I can't recall this ever happening before.

Details

	Subject	Repo	Branch	Lines +/-
	Account for DB lag when refreshing cached ChoiceData	mediawiki/extensions/CentralNotice	master	+21 -4

Customize query in gerrit

Related Objects
Search...

		Status	Subtype	Assigned	Task
		Resolved		None	T145719 [Tracking] CentralNotice: Unexplained banner display failures
		Resolved		AndyRussG	T144393 Banners not allocated correctly

Event Timeline

Pcoombe created this task.Aug 31 2016, 2:05 PM

Restricted Application added a subscriber: Aklapper. · View Herald TranscriptAug 31 2016, 2:05 PM

• DStrine triaged this task as Unbreak Now! priority.Aug 31 2016, 4:15 PM

• DStrine added projects: Unplanned-Sprint-Work, Fundraising Sprint Pretending This Isn't Happening.

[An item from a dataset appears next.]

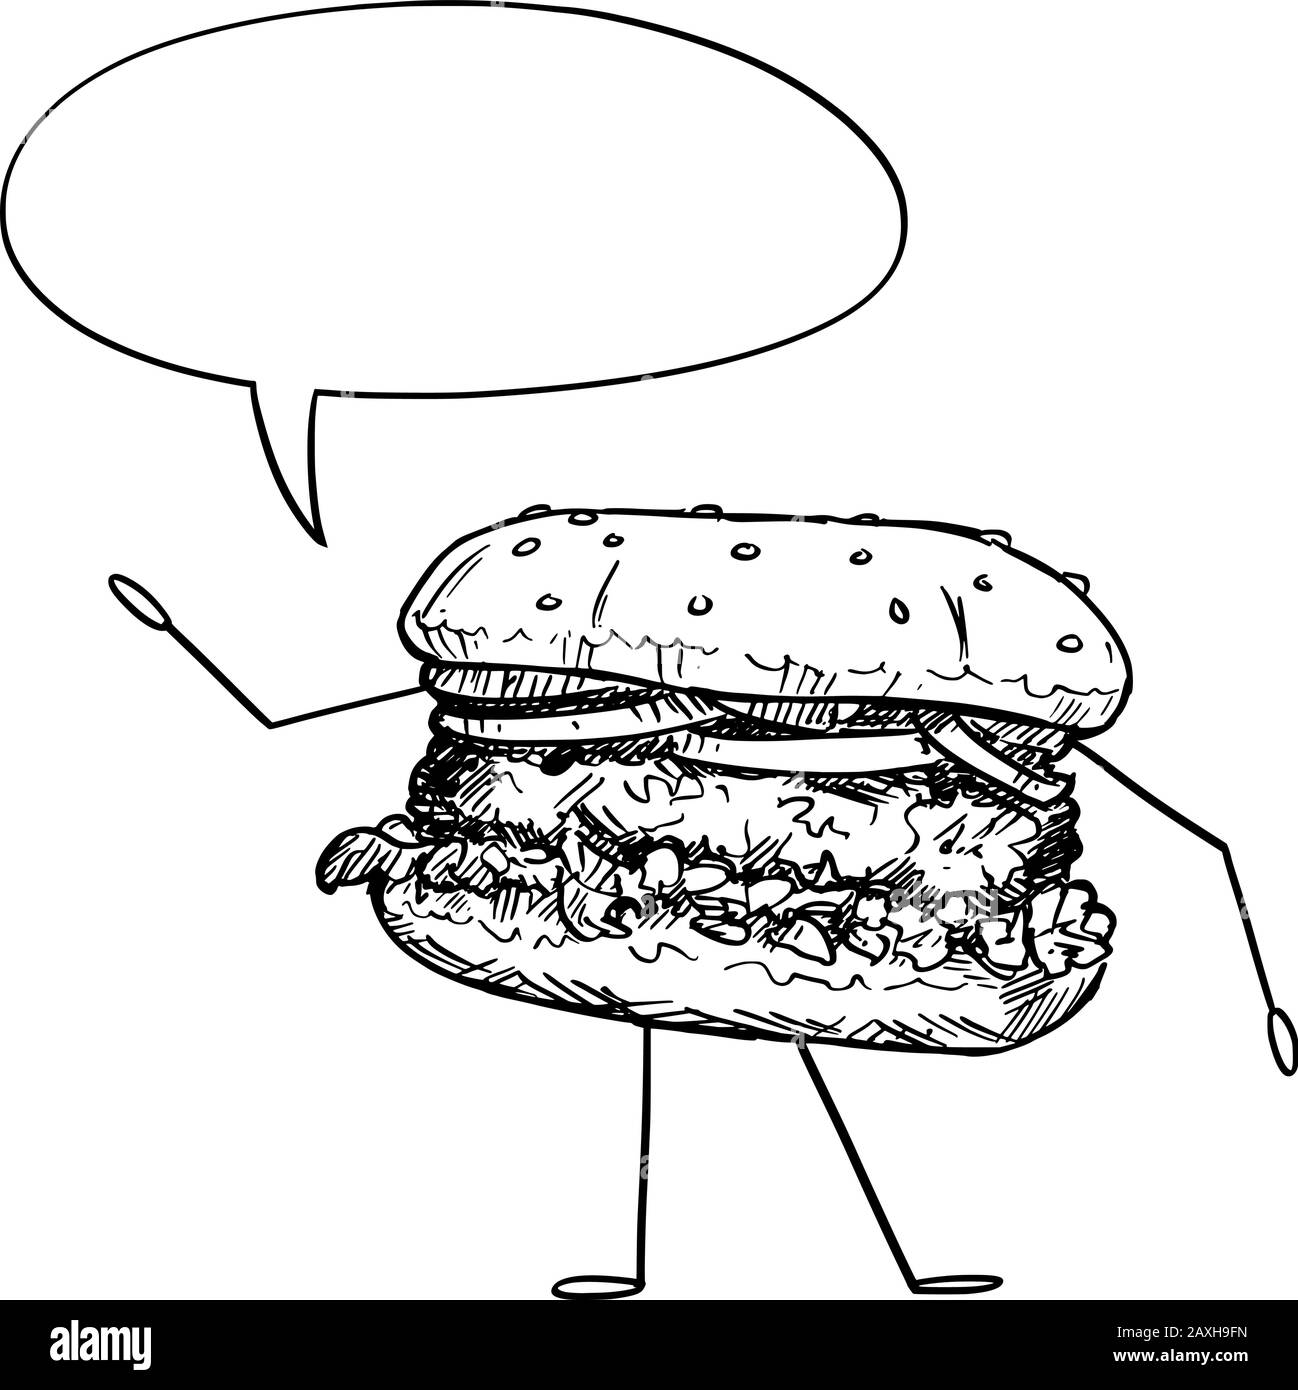 Vektorgrafiken von Cartoon-Hamburgern oder Burger-Charakter mit Sprechblase. Gesunder Lebensstil und Werbung für Junk- oder Fast-Food-Werbung oder Marketingdesign. Stock Vektor

Restricted Application added subscribers: Jay8g, Luke081515, TerraCodes. · View Herald TranscriptAug 31 2016, 4:15 PM

• DStrine lowered the priority of this task from Unbreak Now! to High.Aug 31 2016, 4:18 PM

• DStrine removed projects: Fundraising Sprint Pretending This Isn't Happening, Unplanned-Sprint-Work.

• DStrine moved this task from Triage to Sprint +1 on the Fundraising-Backlog board.

This doesn't look good. :( My first guess is a DB replication issue. Let's try to look at the campaign settings in the logs, and investigate if there were issues with DBs on the cluster...

Just spoke to @jcrespo (thanks!!!!) on IRC about possible DB replication lag on the cluster between 13:00 and 13:40 UTC today:

11:51 <jynus> AndyRussG, I do not see anything relevant; however, unless we have a major outage, replication lag should have nothing to do with those errors
11:52 <jynus> when there is lag, a server gets out of the load balancer
11:52 <jynus> and at most, you could get like issues for 10 seconds; not 30 minutes

K, I just inspected the CentralNotice campaign log tables, and I don't see anything out of the ordinary. I guess that eliminates a UI issue as the culprit.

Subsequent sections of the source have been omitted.